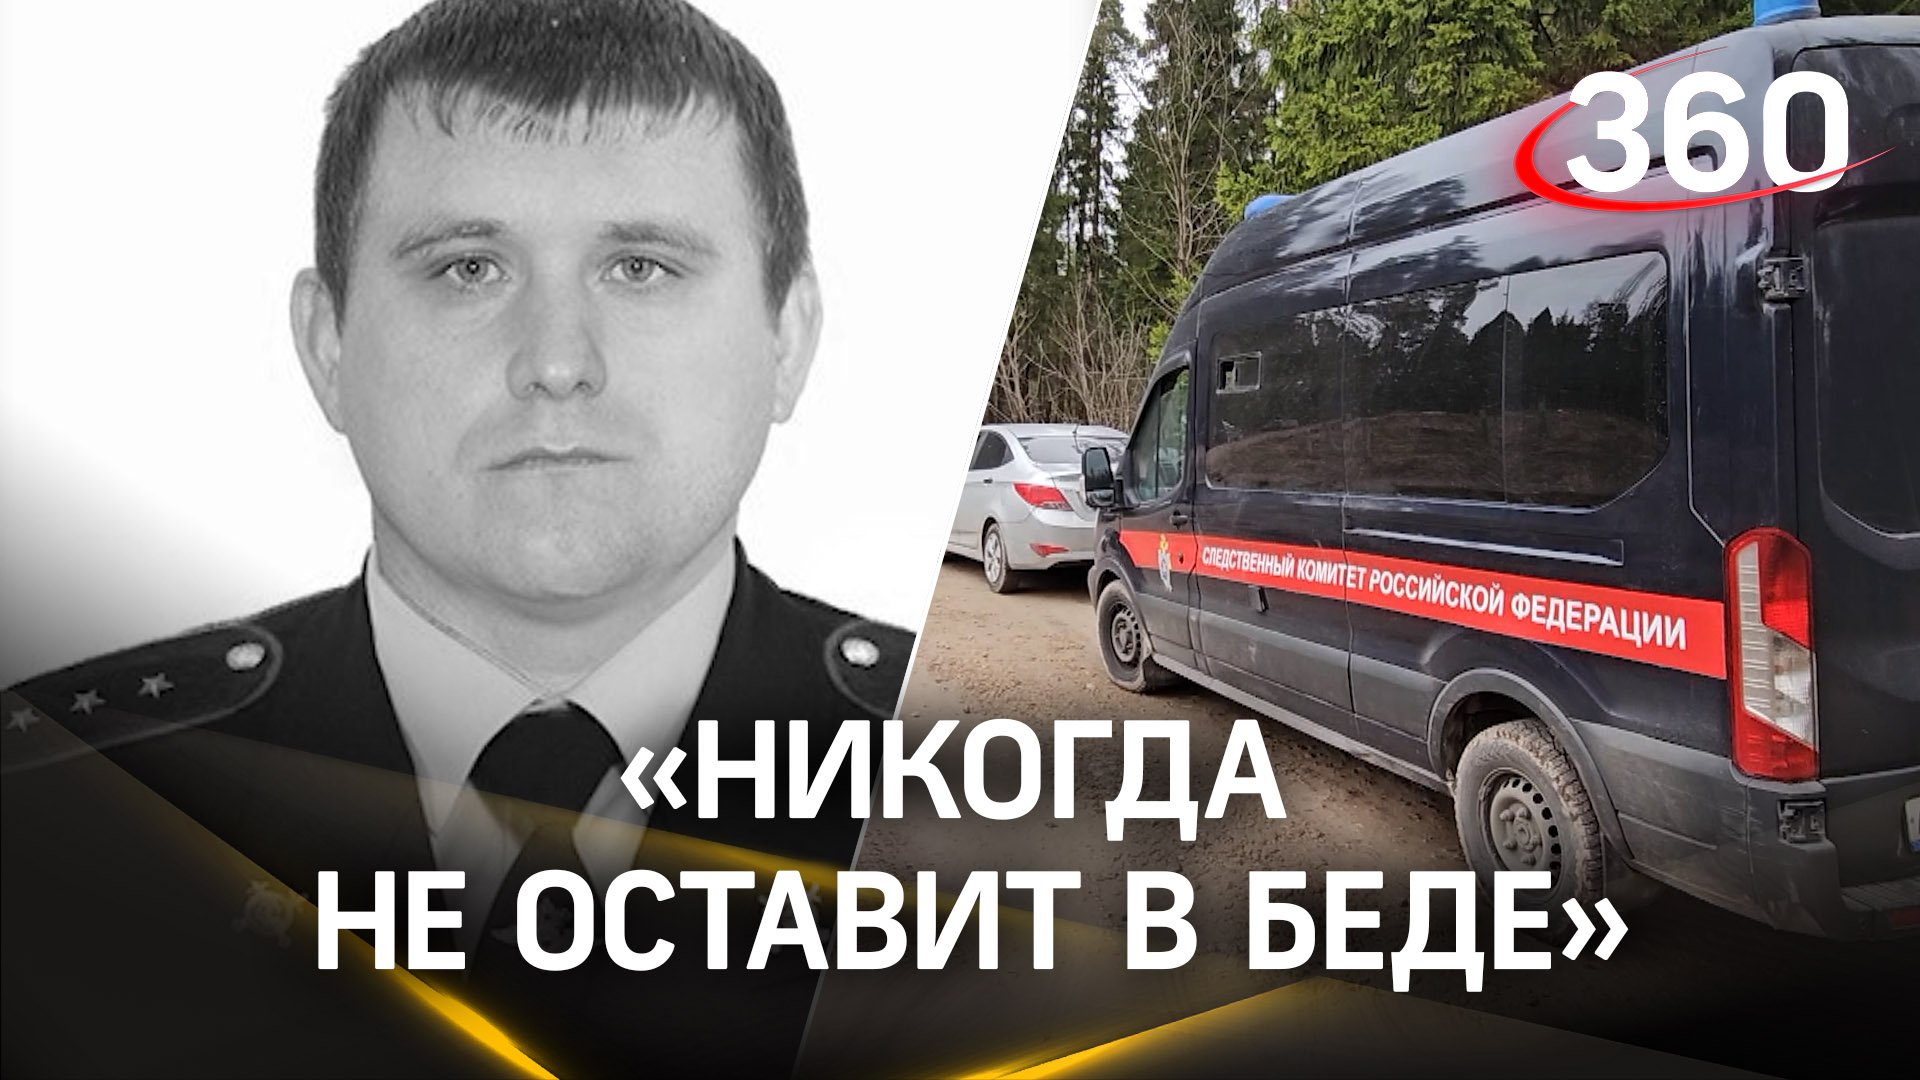 «Должен был уйти на пенсию после СВО»: что известно о погибшем в перестрелке полицейском из Щёлкова
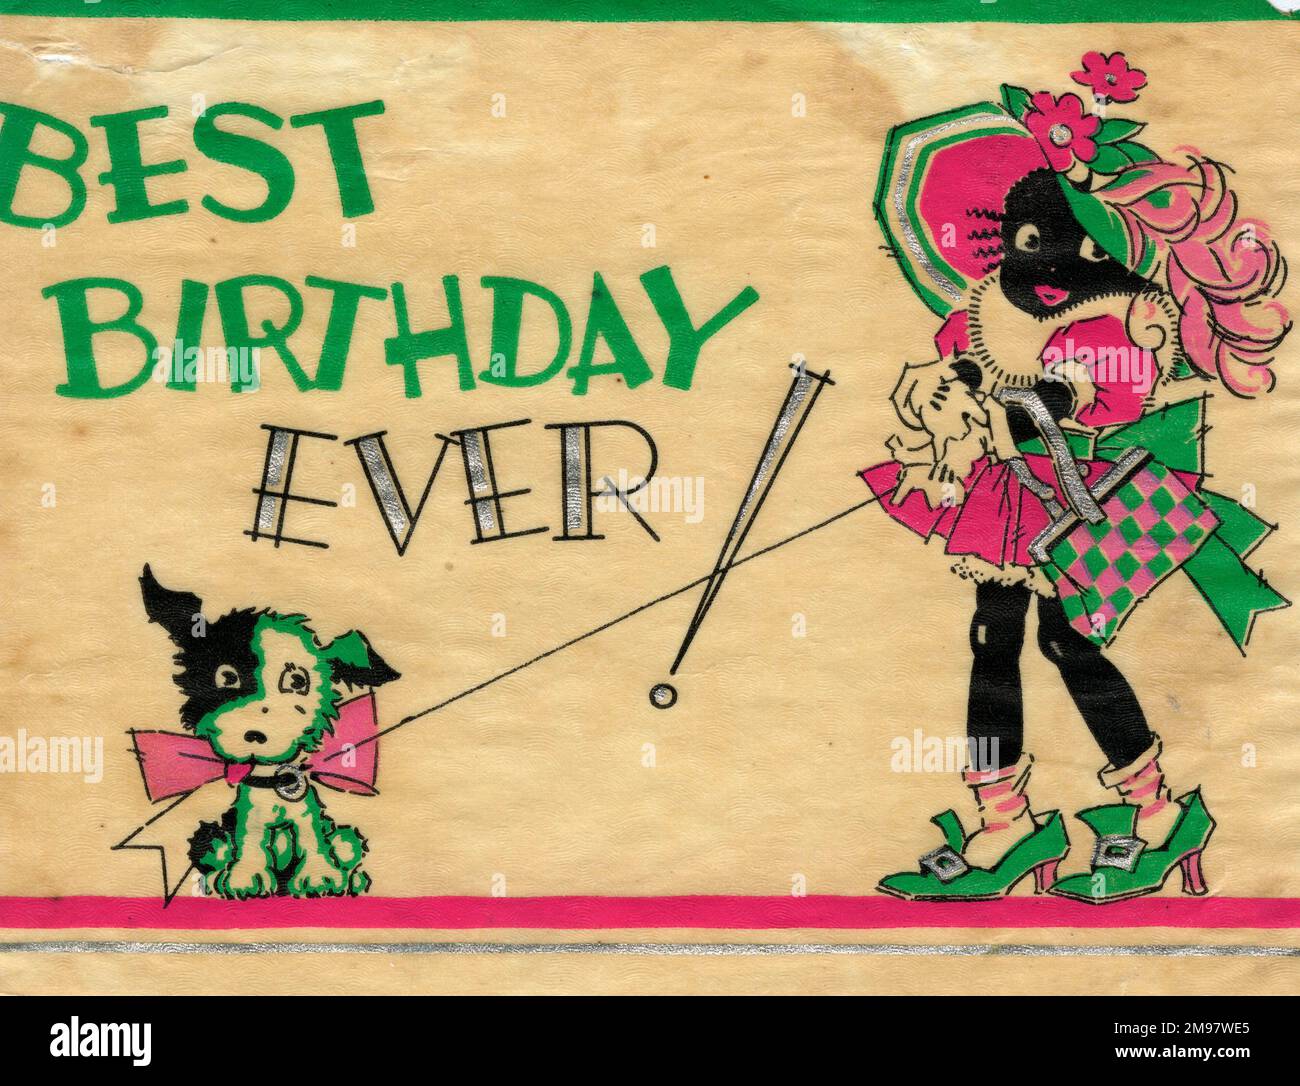 Geburtstagskarte - Bester Geburtstag aller Zeiten! Ein kleines Mädchen und ihr kleiner Hund. Stockfoto
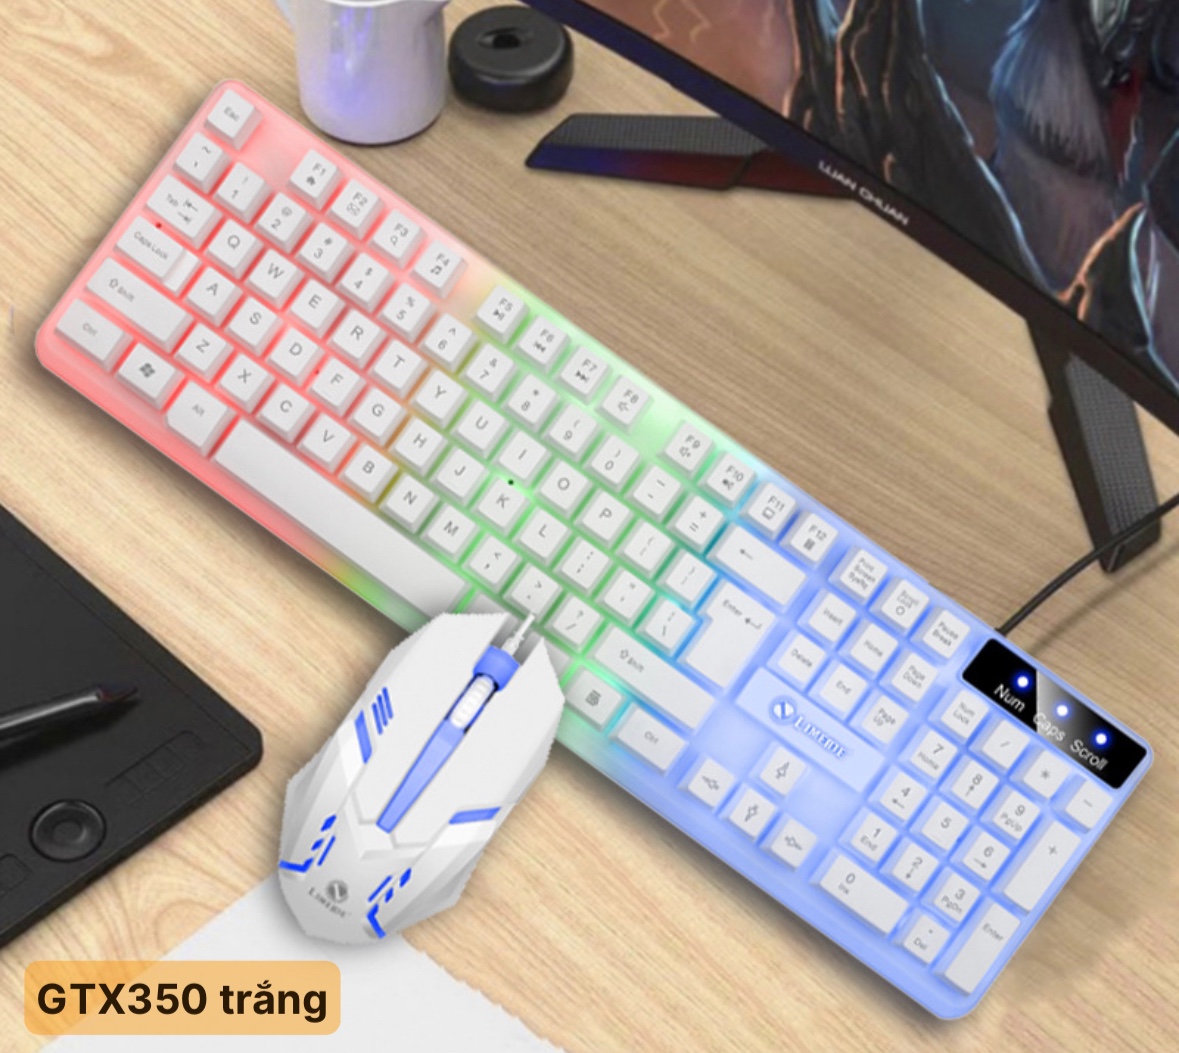 Combo bàn phím và chuột gỉa cơ LIMEIDE GTX 350 màu (TRẮNG/ ĐEN),có đèn led 7 màu cực đẹp

* Problem requirements *
The answer must be the full listing, word for word, with no images in it.

* Exercise answer *
 «Должен был уйти на пенсию после СВО»: что известно о погибшем в перестрелке полицейском из Щёлкова
 Geburtstagskarte - Bester Geburtstag aller Zeiten! Ein kleines Mädchen und ihr kleiner Hund. Stockfoto
 Combo bàn phím và chuột gỉa cơ LIMEIDE GTX 350 màu (TRẮNG/ ĐEN),có đèn led 7 màu cực đẹp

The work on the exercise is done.